3.2.2. Drug Chemoresistance Targets

TME is also recognized as a key contributor to drug resistance in cancer treatment. When cancer develops, the stroma undergoes changes to become fibrotic and activated. The extracellular matrix (ECM) becomes denser and more rigid, thanks to new connective fibers, such as tenascin and fibronectin, which cancer cells can invade. Cancer-associated fibroblasts (CAFs), myofibroblasts, and mesenchymal stromal cells (MSCs) change shape and expression profiles and become more proliferative. Senthebane et al. [41] reported that components of TME, including CAFs and the ECM, are major contributors to chemoresistance [41]. In response to chemotherapy or radiation therapy, CAFs and MSCs secrete different growth factors, cytokines, and chemokines that promote cancer cell survival, proliferation, invasion, and metastasis, leading to resistance. Dense fibrosis causes limited access of cancer cells to therapeutic agents in three ways: creating an extracellular matrix (ECM) barrier that such agents cannot diffuse through; promoting the stromal cytochrome P450 (CYP)-mediated degradation of drugs; and increasing interstitial pressure that prevents therapeutic agents from entering the tumor [37,41].
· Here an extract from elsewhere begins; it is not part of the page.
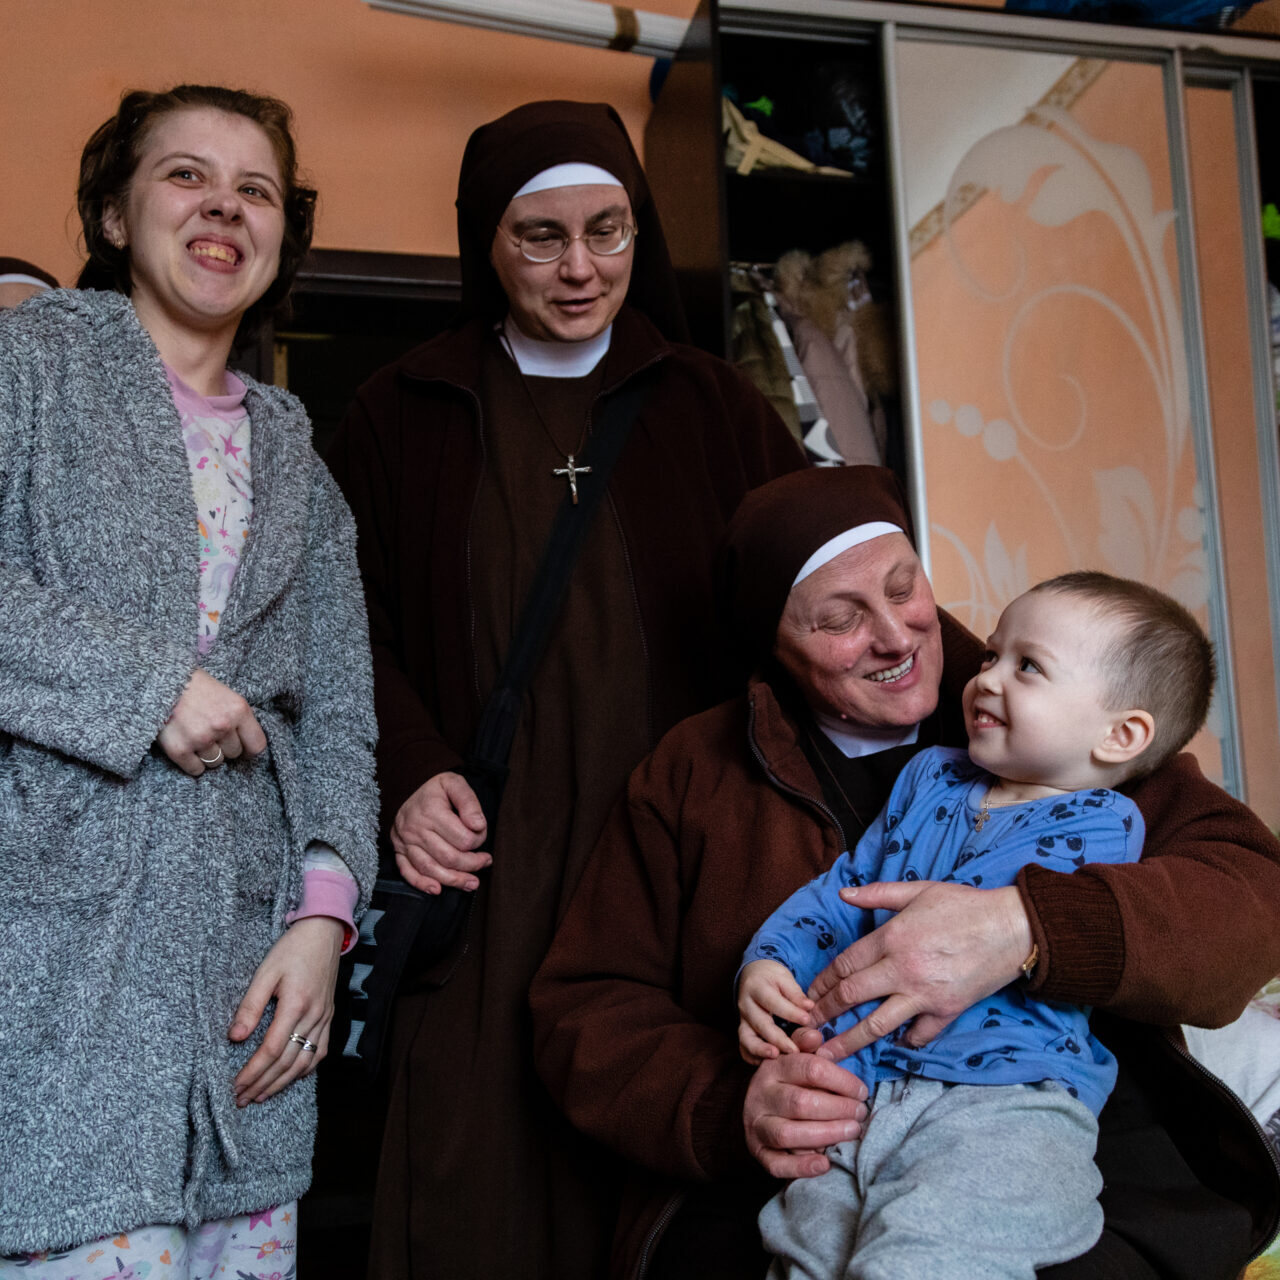 Natalya has minor mental disorders. Together with her blind husband and son Serhiy, she lives in a dormitory for partially sighted and blind people in Zhytomyr. The Franciscan nuns help the residents of the dormitory - they bring necessary things, and they also communicate with children and adults.

Extensive work has been done to explore the interactions between cancer cells and the TME. The monitoring of the changes in the TME using their molecular and cellular profiles could be pivotal for identifying cells or protein targets for cancer prevention and therapeutic purposes. Discovery studies involving the laser capture microdissection of stroma [42], coupled with analyses of genetic mutations [43] and epigenetic changes [44], can uncover novel therapeutic targets. Drugs that target stromal components are in various stages of preclinical and clinical development. In most cases, the stroma-targeting drugs abrogate resistance to cancer cell-targeting therapies, leading to strong anticancer responses [45]. However, some future challenges must be considered: the unknown elements of the optimal composition of combinations comprising stromal-targeting and cancer-targeting agents or even the administration sequence should be defined for being offered to patients [45]. The order of drug administration is important because certain sequences can result in adverse effects. For example, when chemotherapy is administered after the initiation of an immune response, it could cause the death of immune cells, thereby reversing their cytotoxic effect. As we continue to better understanding the complex interactions between the heterogeneous milieu of cellular and non-cellular contributors to the TME, we will be able to improve stroma-targeting strategies and design more effective anticancer therapies.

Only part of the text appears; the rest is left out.